NAIROBI, Kenya, Jan 30 – National Bank of Kenya (NBK) targets to lay off 150 workers through a voluntary early retirement targeting staff over 35 years and who have worked at the bank for more than five years.
The retirement package will see the exiting staff paid an equivalent of one month’s salary for each completed year of service.
However, for applicants aged 50 years and above, the severance pay will be at the rate of two month’s salary for each full year remaining to the retirement age of 60.

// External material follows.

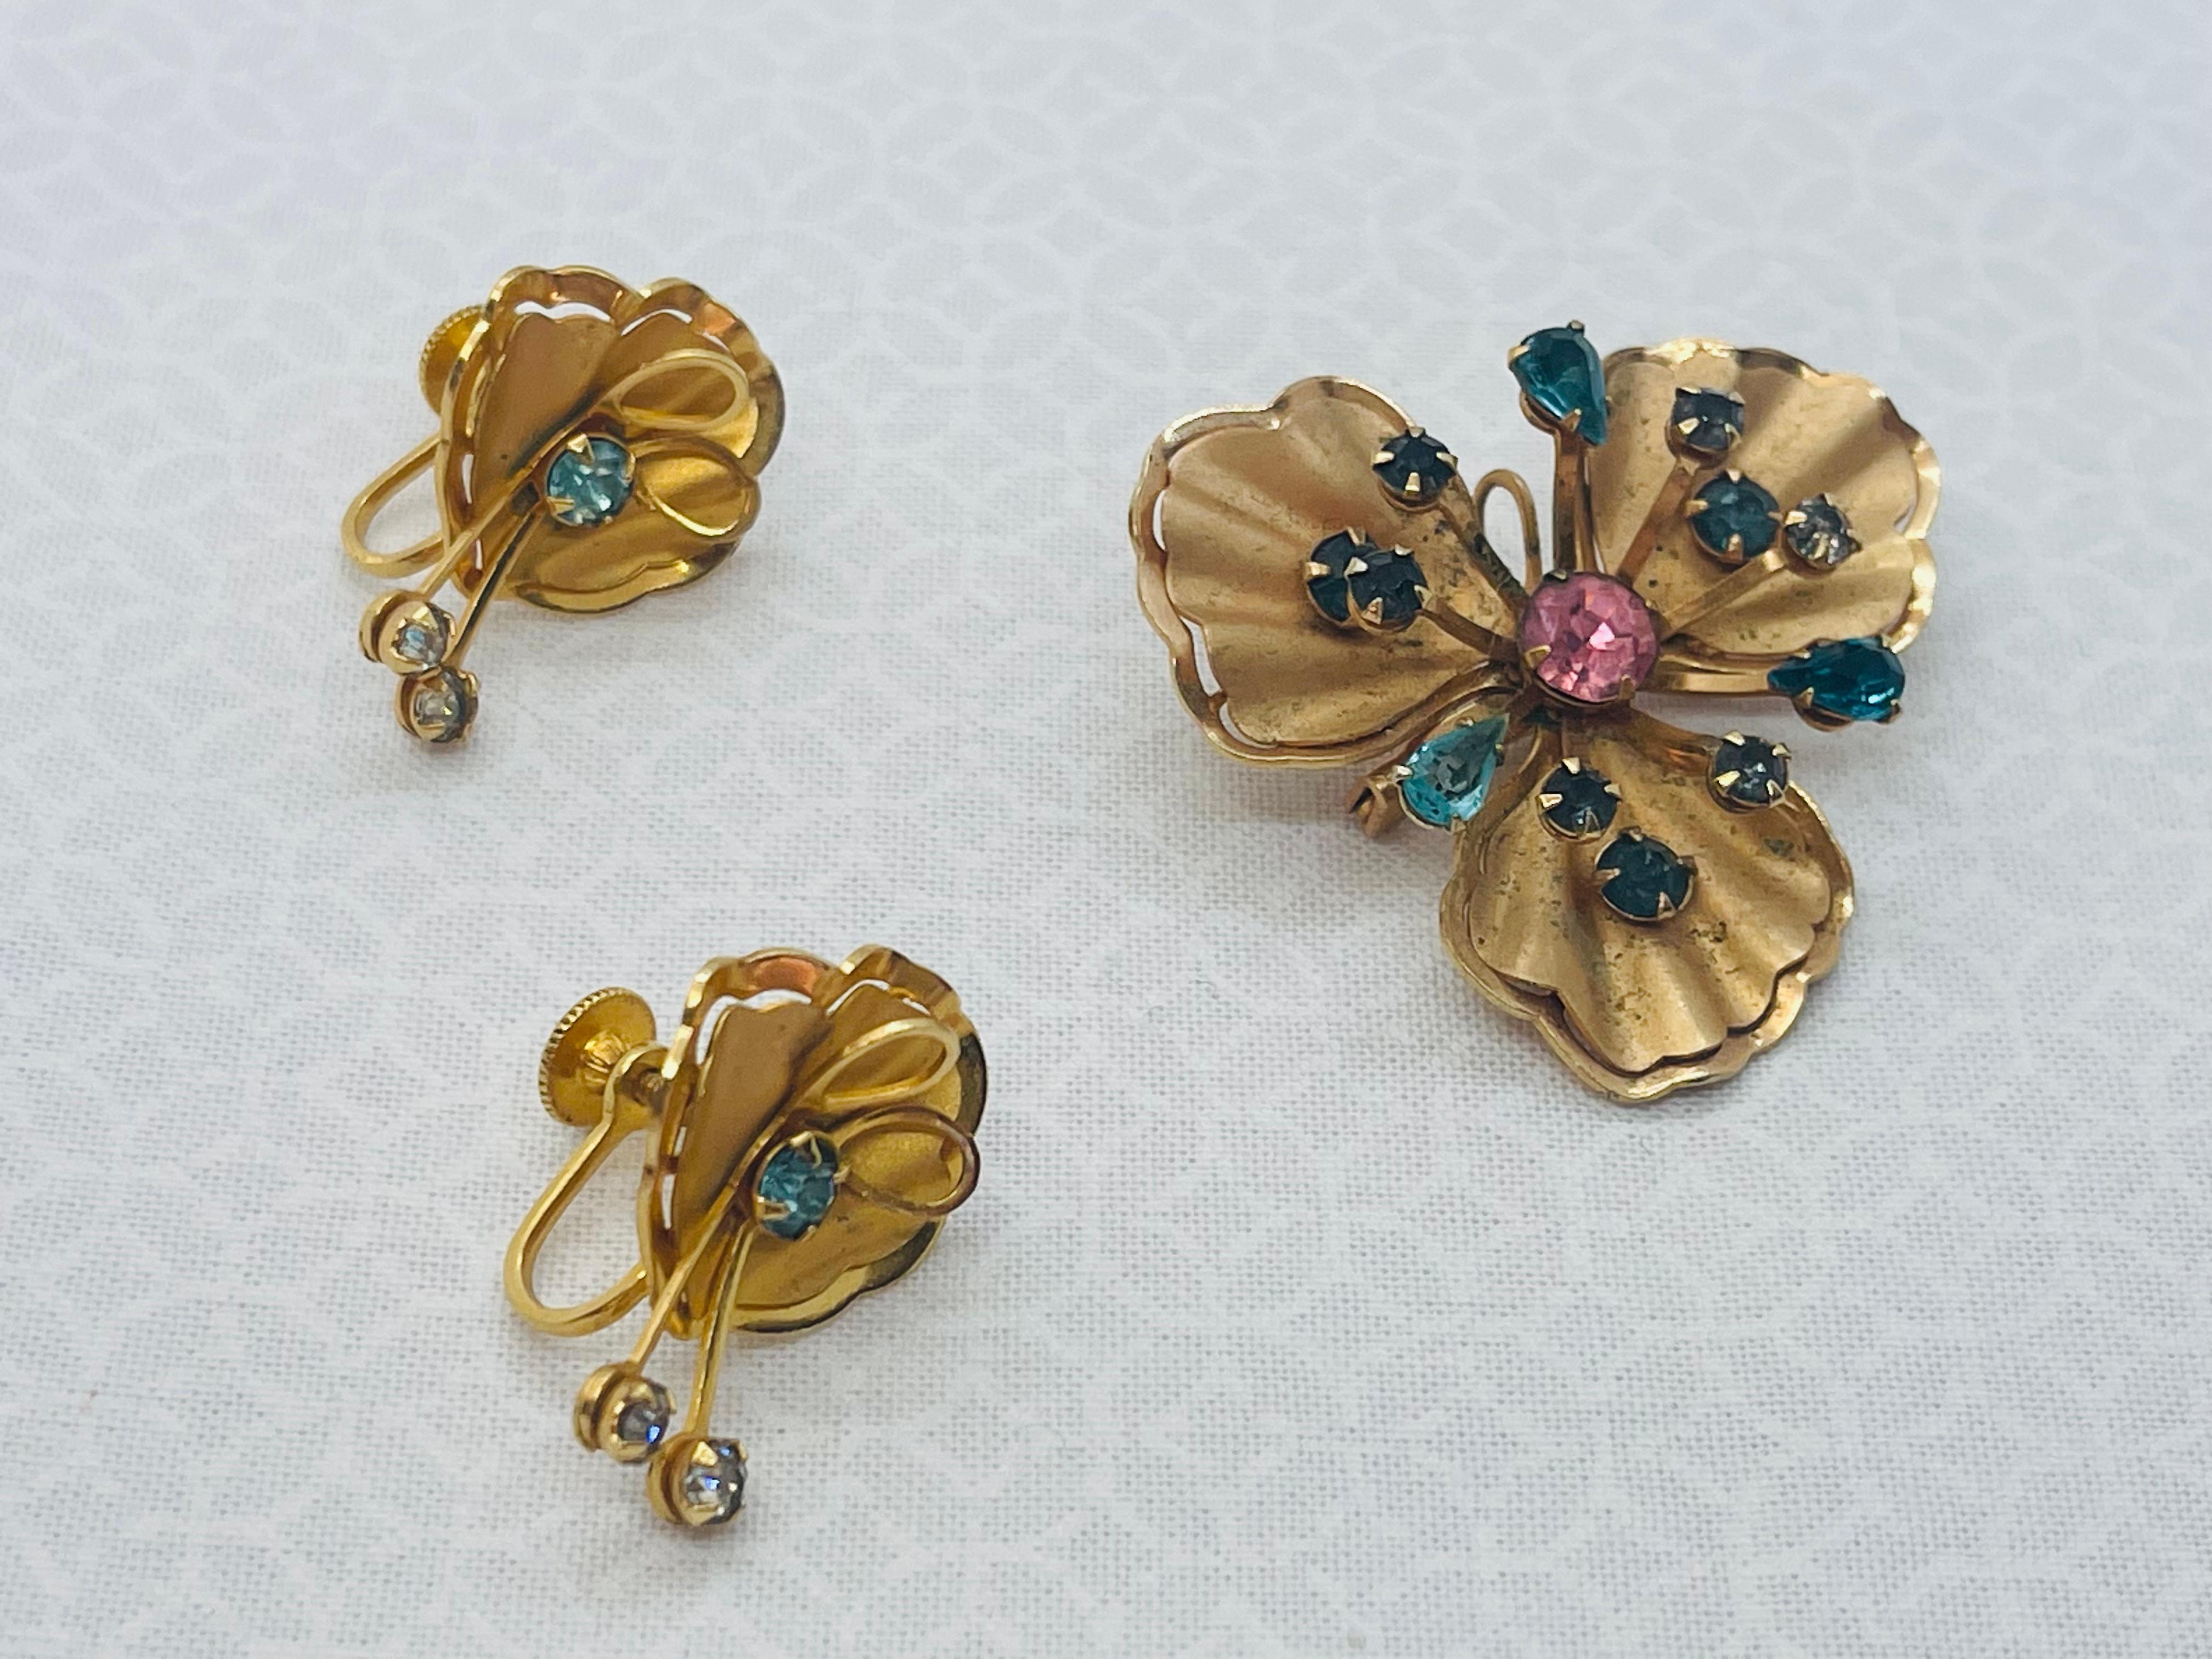 Bugbee & Niles Matching Earrings and Brooch Set Circa. 1955s - 1959 For Sale 8

Successful applicants will also get a one month salary in lieu of notice, purchase of leave days earned but not taken up to the last day of employment, and pension benefits in accordance with NBK Pension Scheme and Retirement Benefits Authority rules.
The Bank’s Chief Executive Wilfred Musau says the move is aimed at improving cost management.
“We believe the scheme is employee-friendly and is good for the bank too, thus a win-win deal for both parties,” said Musau.
The process is expected to be concluded in the coming week and successful applicants will be released from the bank’s employment effective February 1, 2018.
“The early retirement plan seeks to align the staff headcount with strategic needs of the bank. The bank’s management has during the transformation period, been focusing on reinforcement of the organization’s Corporate Governance Structure and strengthening of both the Risk and Credit functions,” he noted.
In 2014 the bank implemented a voluntary early retirement scheme, which saw 200 employees leave the bank.